Chinese millionaires will double in 2026 despite economic slowdown, according to Credit Suisse

By Selena Li

HONGKONGSep 20 – The number of Chinese millionaires is expected to double by 2026, according to a Credit Suisse report released on Tuesday, despite Beijing’s nationwide campaign to reduce wealth inequality and a sharp slowdown in the economy.

The total wealth of Chinese households reached 85.1 trillion dollars in 2021, up 15.1% or $11.2 trillion than in 2020.

Beijing’s push for “common prosperity” has intensified in official rhetoric in recent years, as has a crackdown on excesses in sectors such as technology and private education, which has rattled investors.

In 2021, China had 6.2 million millionaires, more than one million more than in 2020, while globally the total number of millionaires increased by 5.2 million. That number in China is expected to double to 12.2 million within five years, according to the report.

The bullish outlook for wealth growth in China comes despite the fact that the world’s second-largest economy narrowly avoided contraction in the second quarter, and that widespread lockdowns due to covid-19 and the fall in the real estate sector affected consumer and business confidence.
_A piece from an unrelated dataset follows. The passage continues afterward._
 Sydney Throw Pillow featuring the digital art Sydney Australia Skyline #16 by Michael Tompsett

Global household wealth grew by 12.7% in 2021, the fastest annual rate ever recorded without taking currency factors into account, but the outlook was clouded by rising geopolitical and financial uncertainty.
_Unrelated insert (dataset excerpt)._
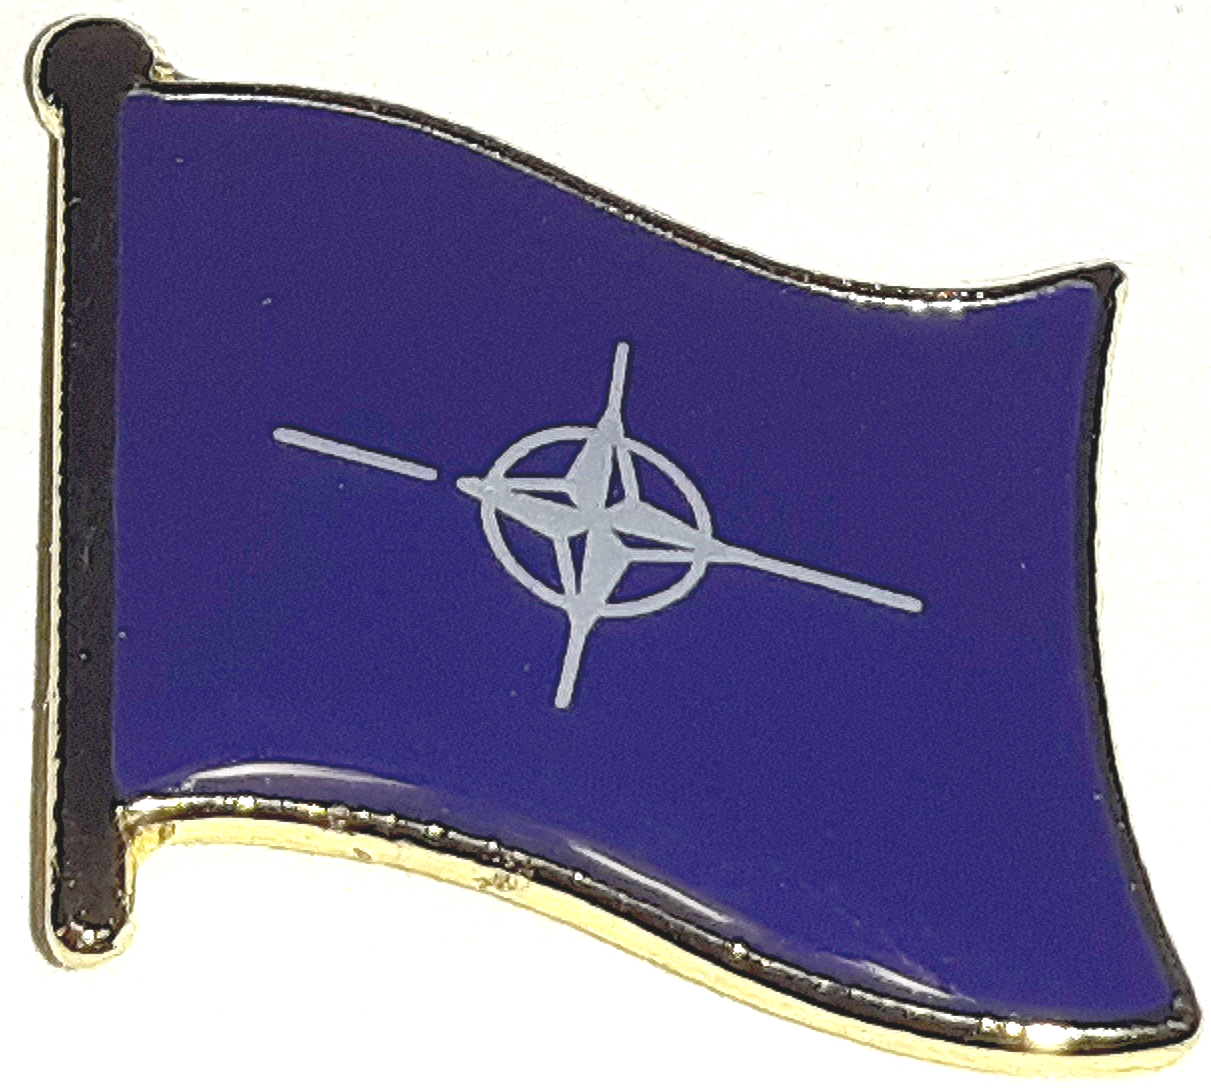 NATO PIN

Global household wealth reached $463.6 trillion at the end of 2021, driven above all by a sharp rise in financial assets, which worsened inequality last year.
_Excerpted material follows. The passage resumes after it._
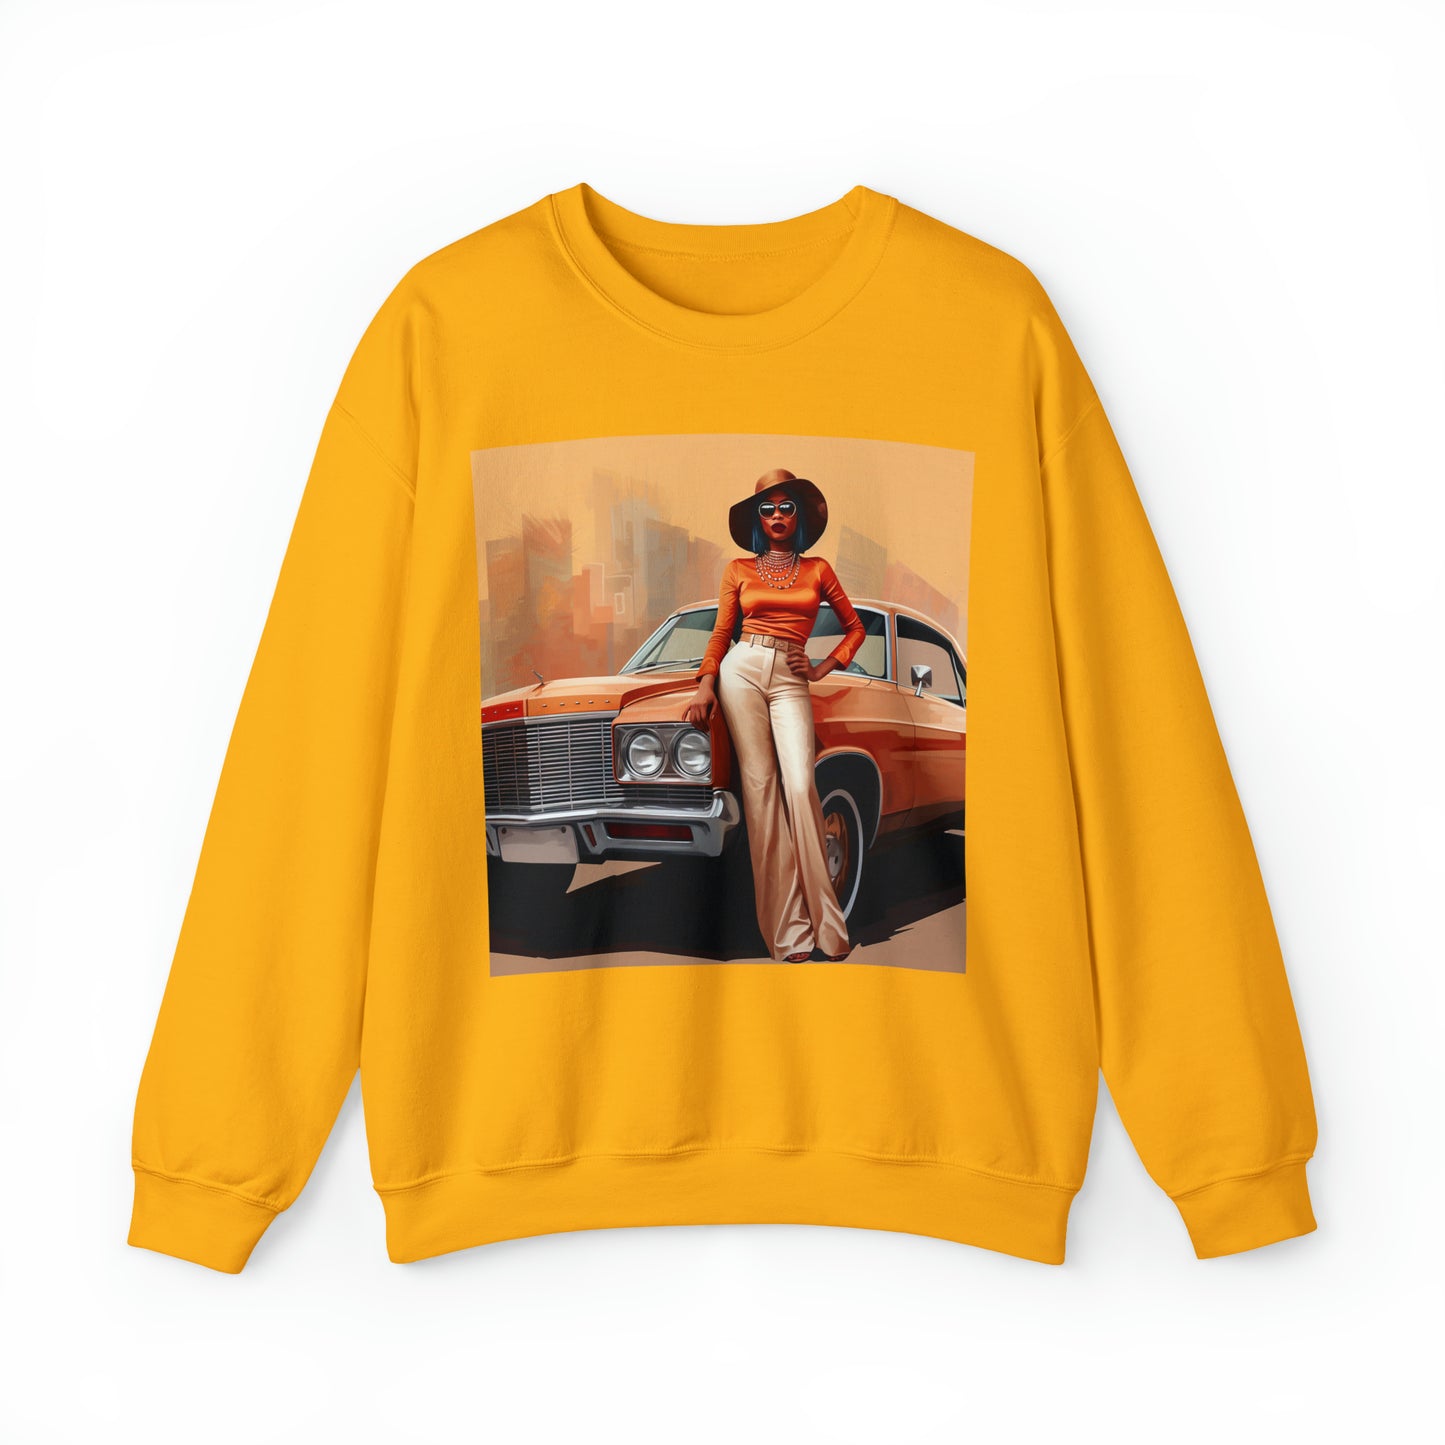 Classic Woman 70s Sweatshirt

The United States, China and Canada led the expansion in household wealth, according to the report, noting that they saw increases of $19.5 trillion, $11.2 trillion and $1.8 trillion, respectively.

“It is probably too early to fully assess the impact of inflation, the Ukraine crisis, the supply chain crisis, but we will probably see some reversals in global wealth gains” in 2022, said Axel Lehmann, president of the Credit Suisse directory.

However, the Swiss private bank remains bullish on the five-year growth outlook, with global household wealth expected to rise by $169 trillion by 2026.